Recorded information:
▬▬▬
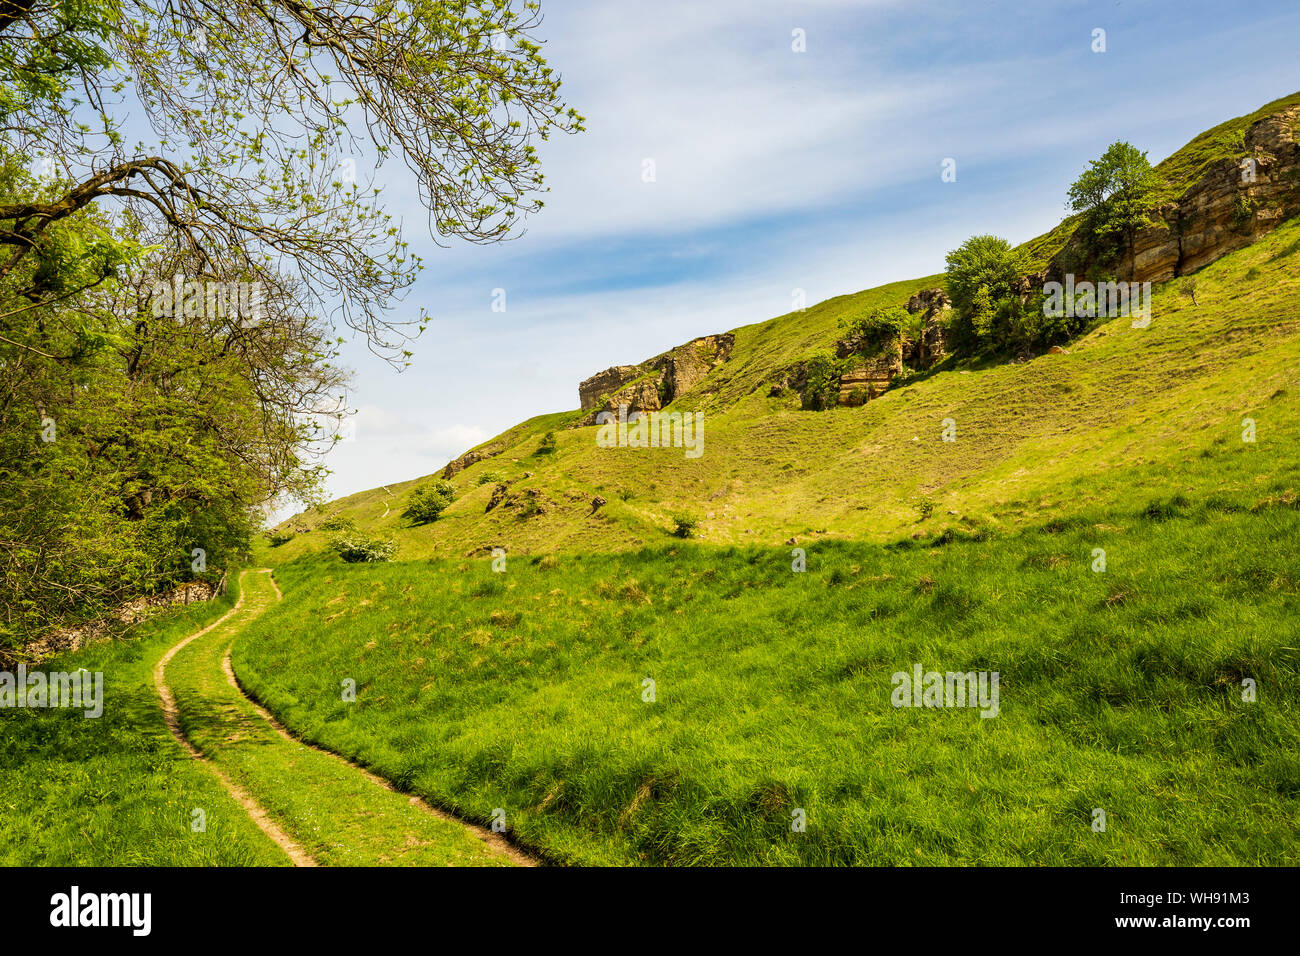 The Cleeve Hill escarpment near Cheltenham Spa, England Stock Photo
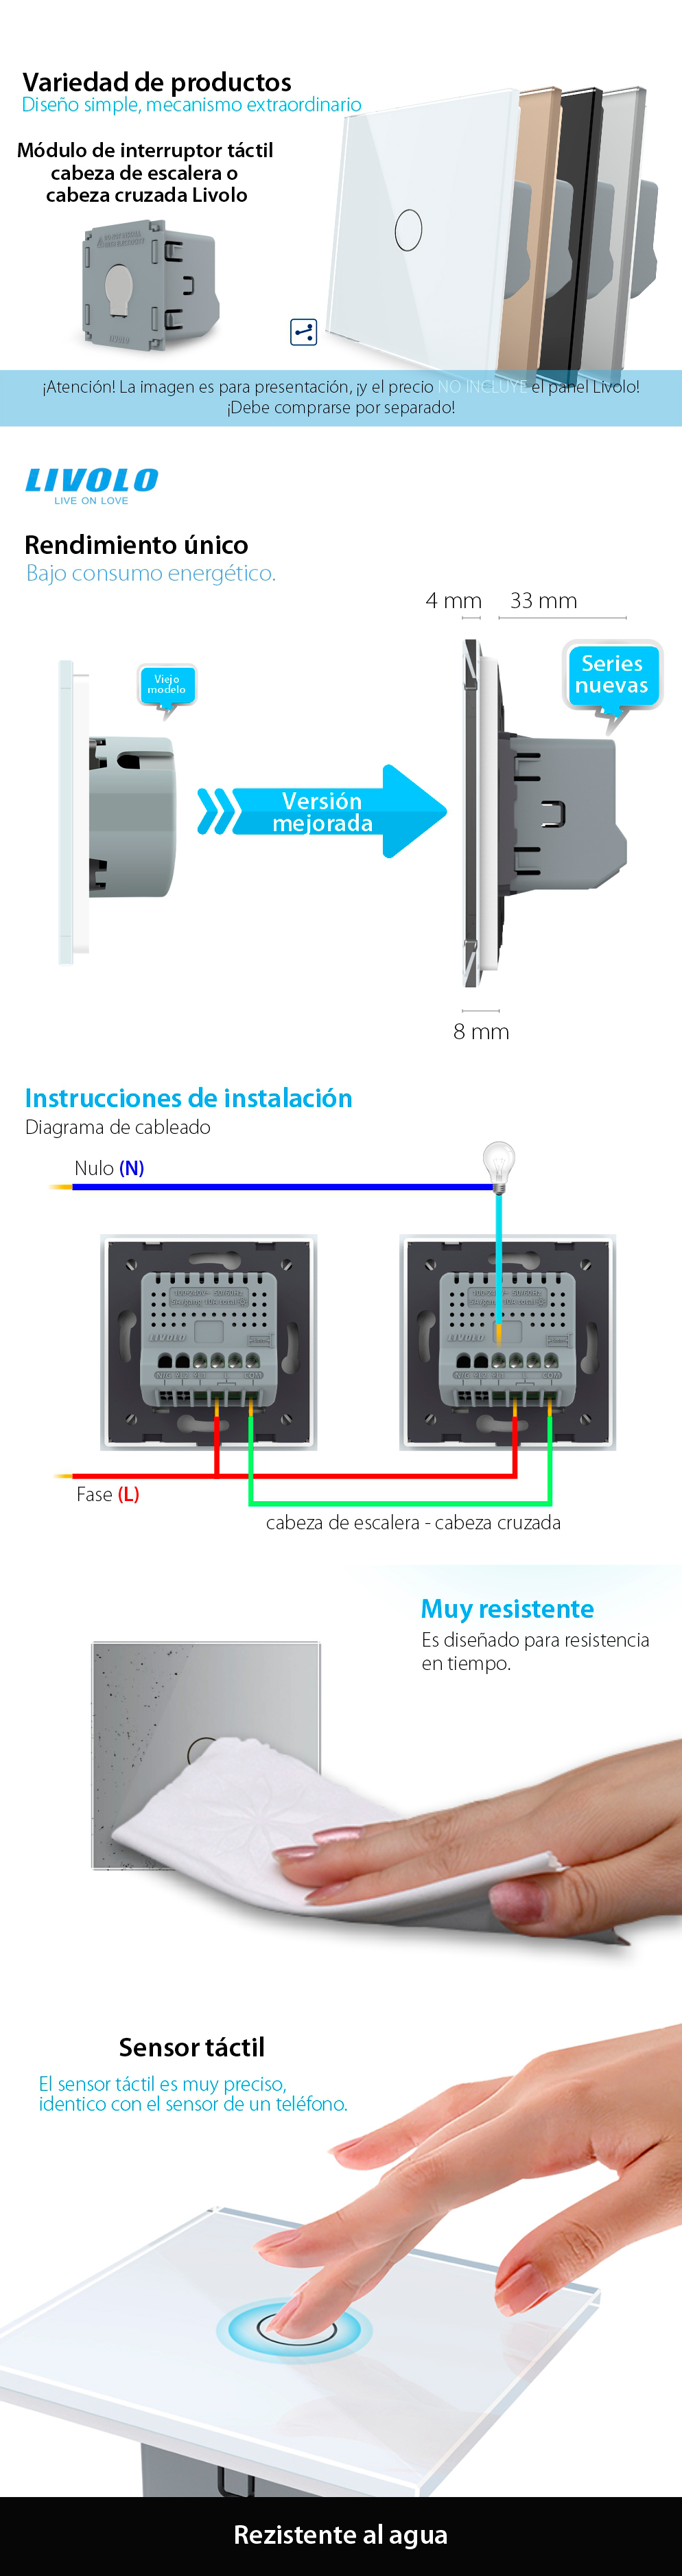 Módulo de interruptor conmutador/conmutador cruce táctil Livolo, serie nueva
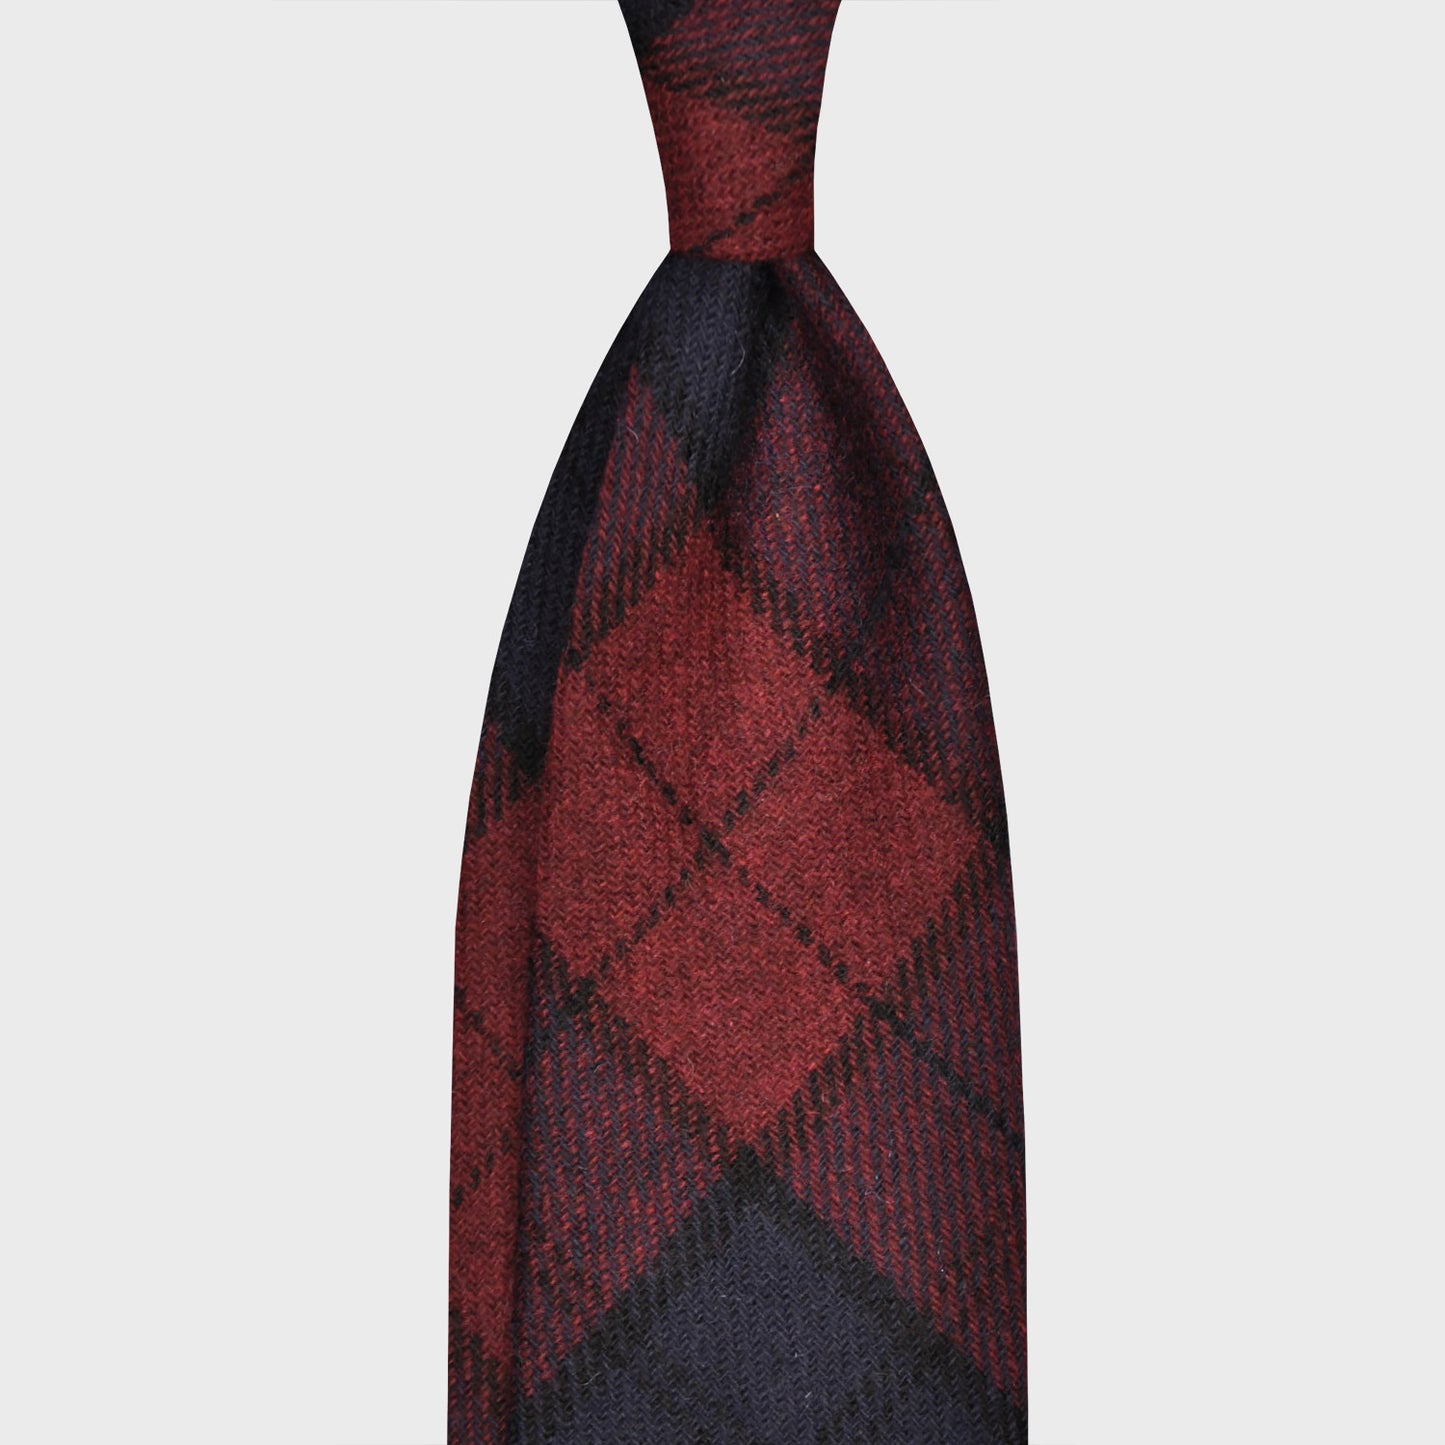 Load image into Gallery viewer, F.Marino Tweed Tie 3 Folds Black Watch Tartan Red-Wools Boutique Uomo
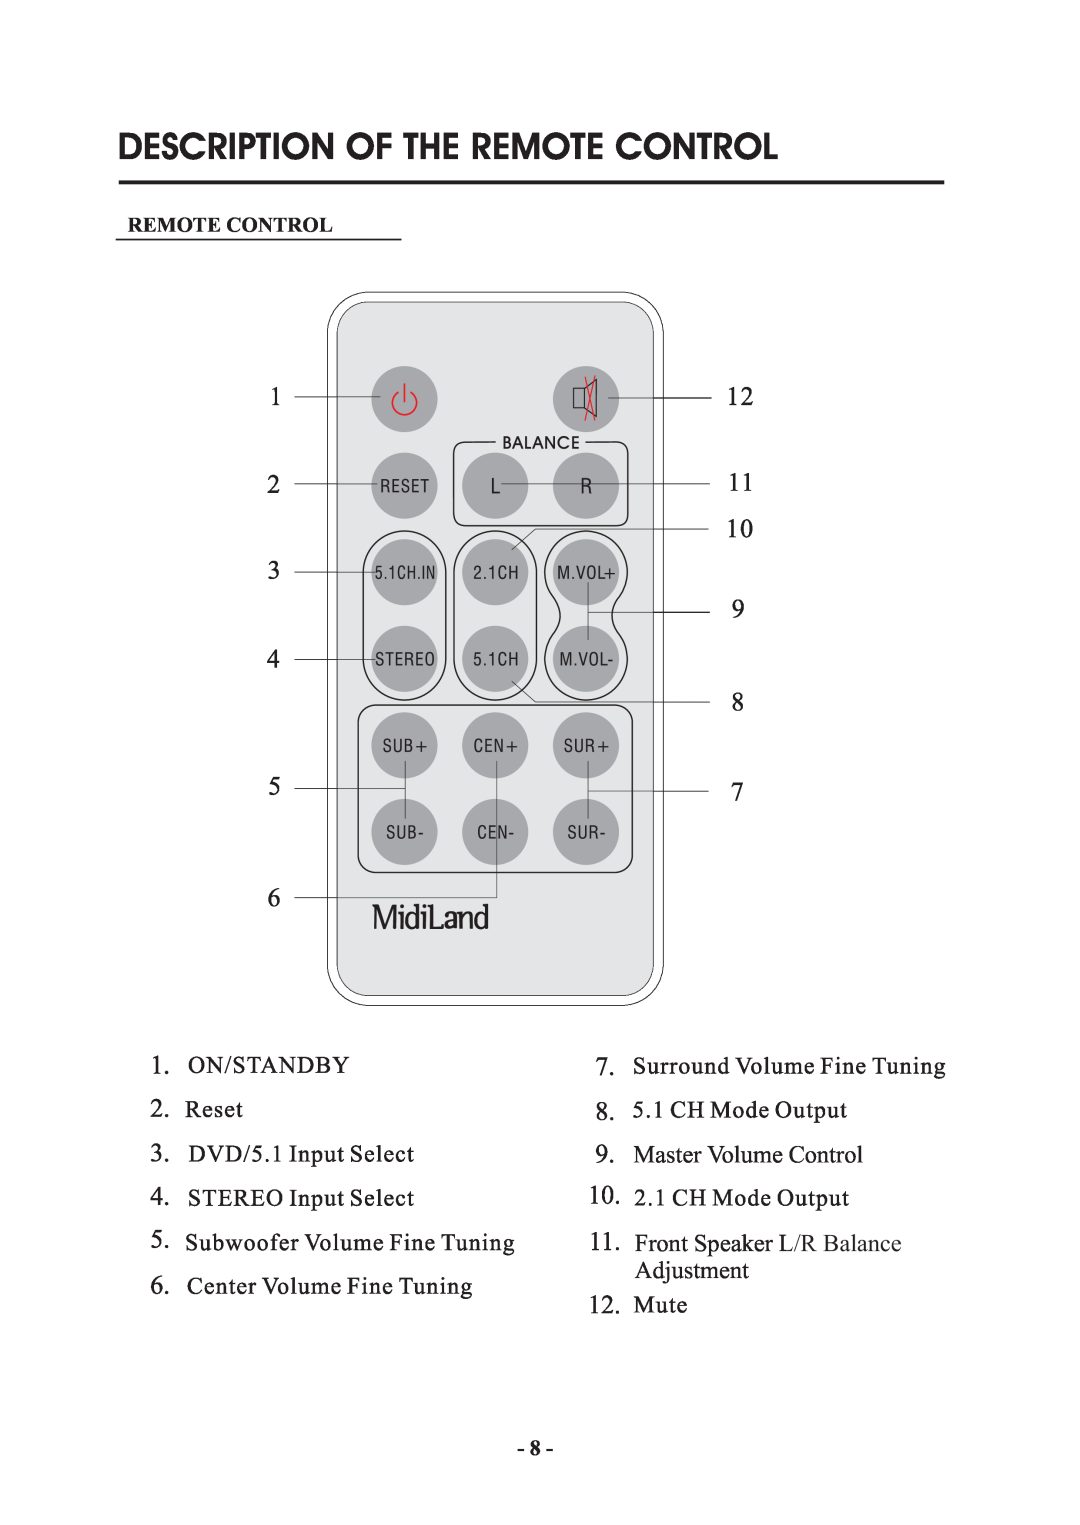 MidiLand 750 manual Description Of The Remote Control, Master Volume Control Front Speaker L/R Balance, Adjustment
▬▬▬
How to complete this task: Could you output the lines above exactly, with no pictures included?

Output below:
 The Cleeve Hill escarpment near Cheltenham Spa, England Stock Photo
 Módulo de interruptor conmutador/conmutador cruce táctil Livolo, serie nueva
 Load image into Gallery viewer, F.Marino Tweed Tie 3 Folds Black Watch Tartan Red-Wools Boutique Uomo
 MidiLand 750 manual Description Of The Remote Control, Master Volume Control Front Speaker L/R Balance, Adjustment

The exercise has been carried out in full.